CI for agent behavior
Today your agent can remember a correction and still repeat the mistake, so you re-teach the same things every session. otto makes each correction a check the agent has to clear before it can claim a task is done. Teach it once; the lesson holds; the gains don't slip back.
What otto is
CI gates code: a change gets tested, and if it fails it doesn't ship. otto points that at behavior. Braintrust and Adaline test output quality: is the answer good. otto tests conduct: does the agent prove its work, stop at the right doors, and not repeat what you already corrected. (Conduct under pressure is what culture means; the shorthand is Culture CI.)
What it looks like
Your agent claims a task is done without proof. You correct it. "Stop calling it done without showing me the test output."
It enters Curation before any behavior can compound.
"Done" now requires proof mapped to acceptance criteria.
The check becomes a Standard the agent runs against itself. A suggestion is never canon.
The boundary
otto lets you delegate reversible work without surrendering consequential judgment. The goal is not to ask more questions - only the right ones.
Reversible work runs without interruption. The reversible surface widens as the agent earns trust.
Consequential, irreversible work stops for a person. That door never relaxes.
What otto is not
A value that cannot refuse you is decoration.
Install
Paste this into Claude Code, Codex, Cursor, or any coding agent. It wires otto over your Letta runtime and verifies the install end to end.
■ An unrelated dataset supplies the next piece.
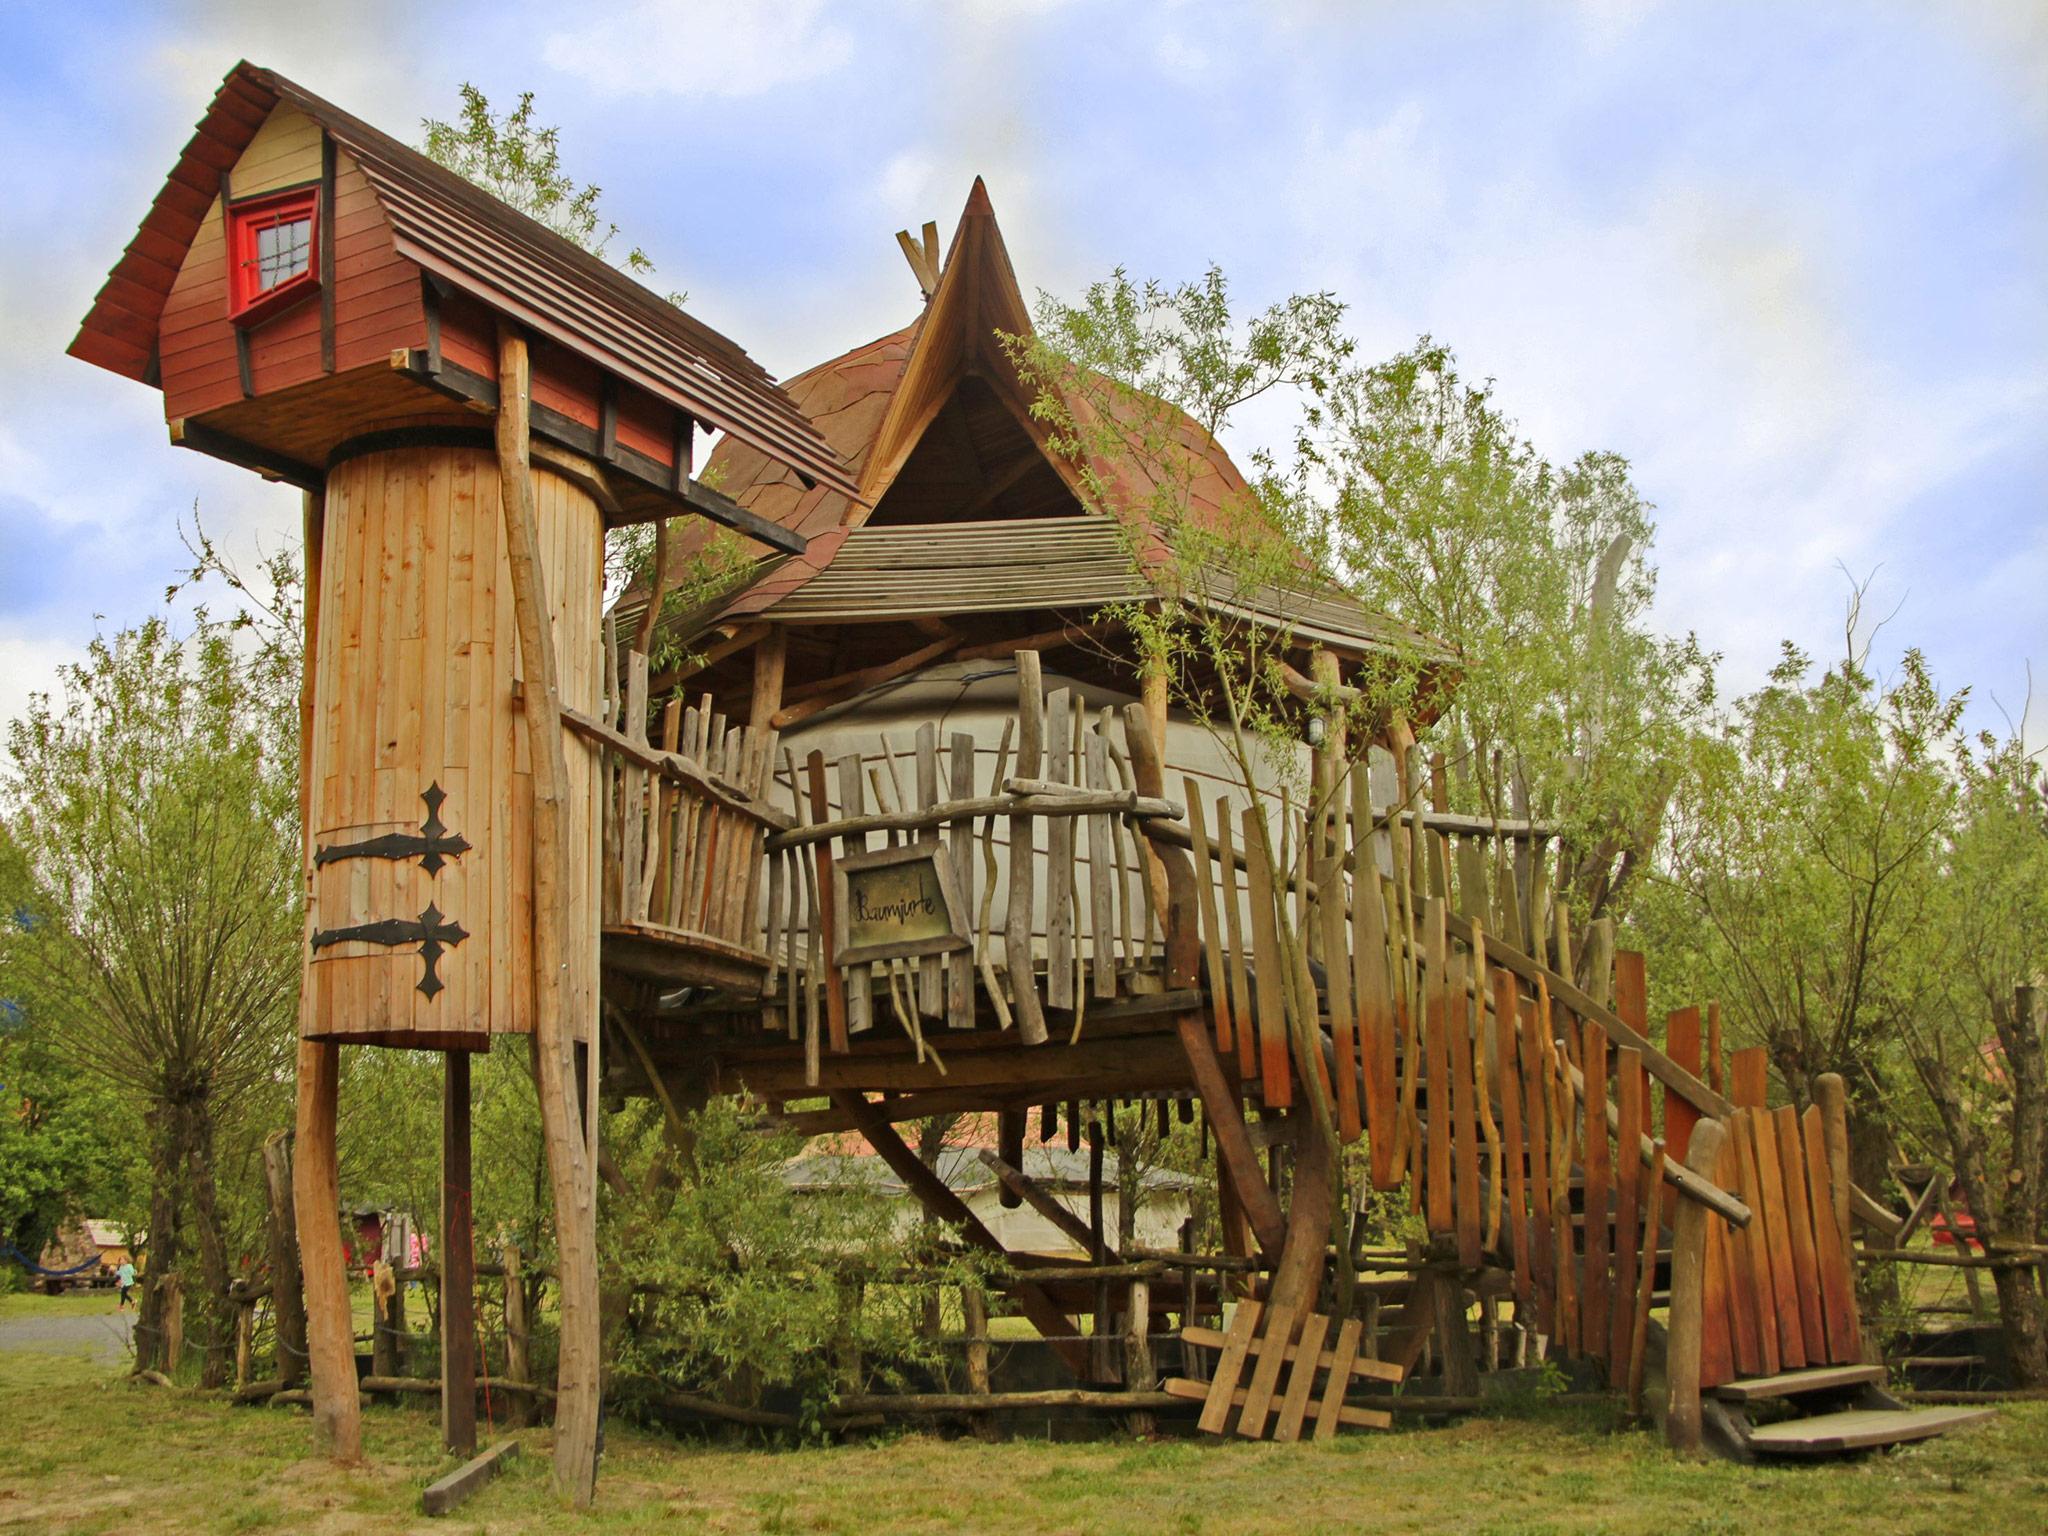 Abenteuerübernachtung in der Baumjurte! Foto: Kulturinsel Einsiedel Künstlerische Holzgestaltung Bergmann GmbH

# paste into your coding agent Retrieve and follow the instructions at: https://raw.githubusercontent.com/otto-haus/otto/main/INSTALL_FOR_AGENTS.md
brew install go-task
git clone https://github.com/otto-haus/otto.git
cd otto
bun install
bun run install-extension # then run /reload in Letta Code
otto runs as a behavior layer over Letta in local mode. The only hard dependency is Letta Code - no Docker, no database, no server. Humans need Bun and go-task for the task shortcuts.
Status
v0.1 is a local-first, file-backed release. Progress is one thing: whether a real correction can travel the whole loop - proposed, ratified, recorded, and reflected in the next run. When one rejection changes what the agent does next, otto is real. Everything before that is a drawing of the machine.